Today there is no reason whatsoever to still use this implausible idea of technical innovation and even more bizarre theological idea of a Creator without a God – the ‘blind watchmaker’ of Dawkins’s fame. We might now shift to the commonsense alternative world view: we see, we experiment, we feel only like life forms do – that is, following a goal which is the necessity of moving up the entropic cascade. And the cause-and-effect case appears to us, if not bizarre, at least as a special case, that always develops, unfolds, is stabilized inside assemblages made by and ‘for the benefit’ of life forms –scientific institutions, companies, factories, cities, etc. There is a complete inversion of the background foreground through some sort of a Gestalt shift: while in the mechanistic view, the cause-and-effect is the rule and life forms with their goal seeking appear as the exception; in the alternative view, it is the opposite, and it is sometimes possible to recognize, but with the utmost difficulty, segments of forward causation reigning locally. It is fair to say that on Earth at least, no segment is discernible for some time without the intervention of life forms – what critical zone sciences show so beautifully.

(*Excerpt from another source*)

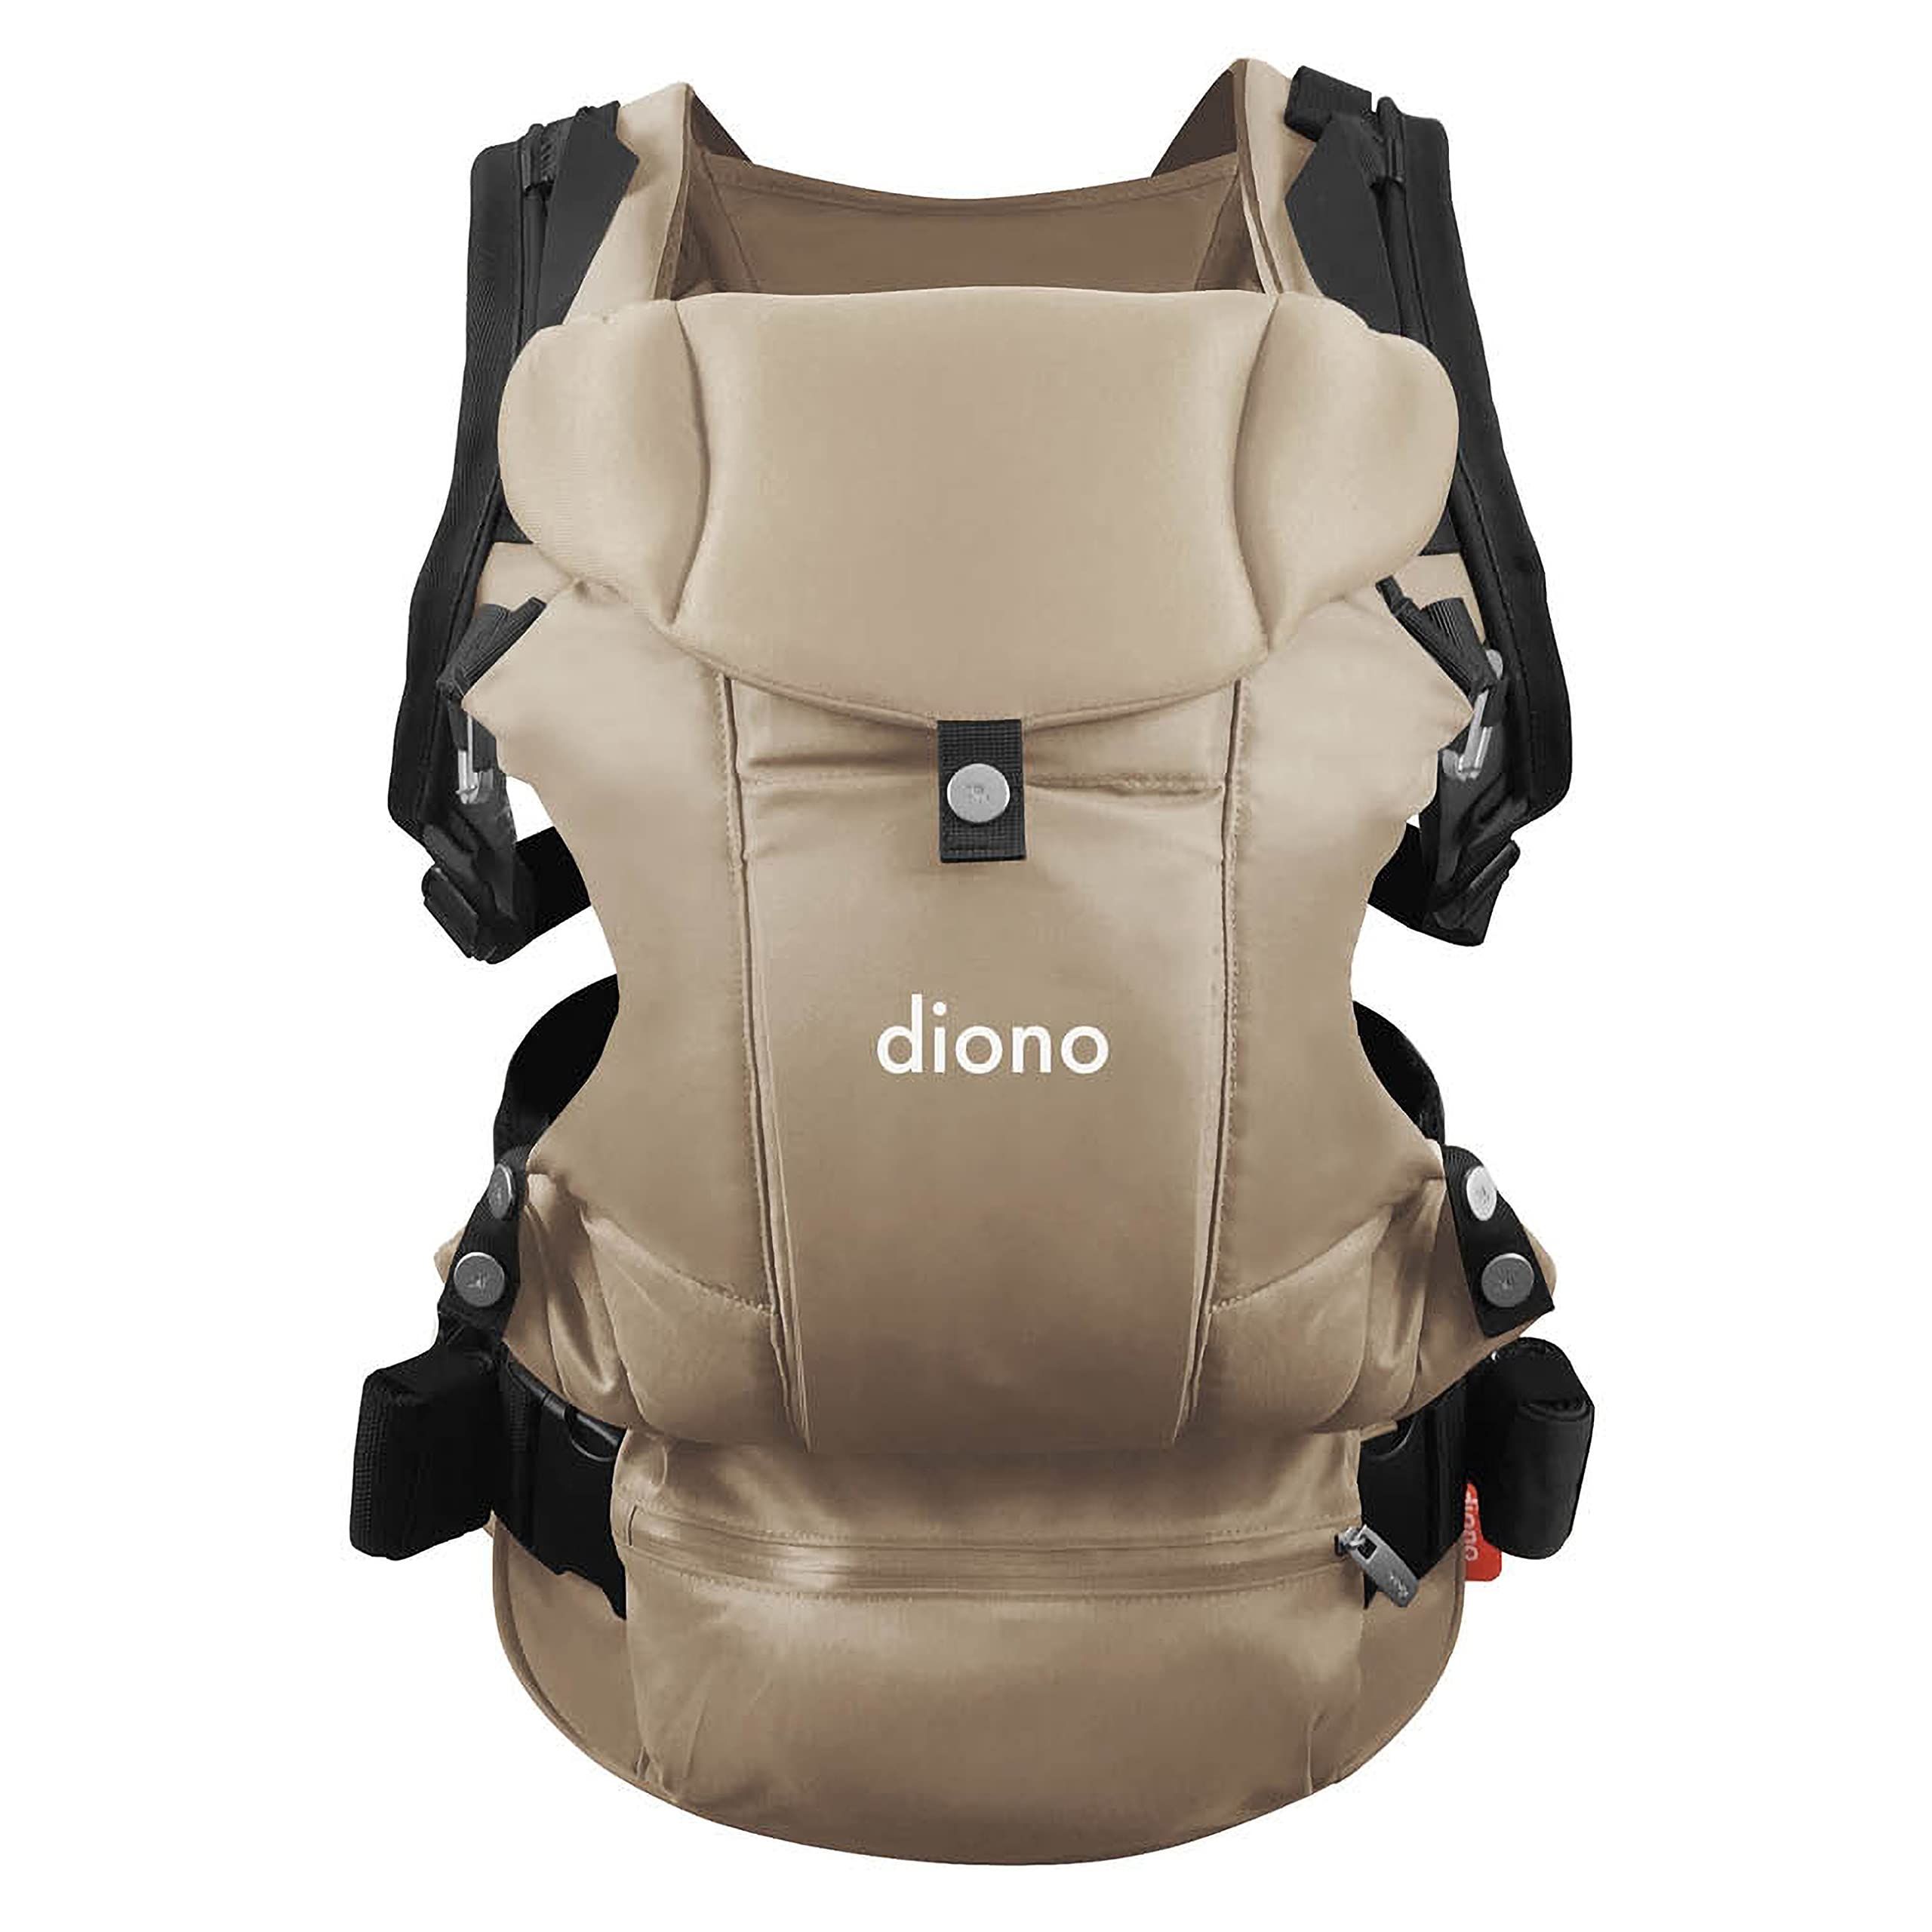 Diono Carus Essentials 3-in-1 Baby Carrier, Front Carry & Back Carry, Newborn to Toddler up to 33 lb / 15 kg, Easy to Wear Comfortable & Ergonomic, Sand

The importance of such a Gestalt switch is that we – the humans, the scientists, the philosophers – reside inside the largest and longest entity having goal function in search for a target around some set point, namely Gaia. Thus, it has become much more relevant to get a clearer idea of where we reside and what we can hope for. All the ideas about what is the ‘Anthropos’ of the Anthropocene, what is Gaia 2.0, what does it mean to ‘control’ or to ‘master’ the new climatic regime, depend on the definition of the world we live in. The ideal domain of the mechanistic worldview has been that of the infinite cosmos or the geophysics of deep Earth. Even though it has seemed plausible, for a few centuries, to take the Earth just as another segment of the cosmos – viewed from the outside – it is no longer reasonable. The inside has to be seen from the inside. In this view, if there is one question that seems odd, it is certainly not ‘how could you believe that Gaia is oriented toward the maintenance of habitability?’; it is, rather, ‘how could you have thought that you could escape the problem of finding the target toward which life forms have conspired for 3.5 billion years?’.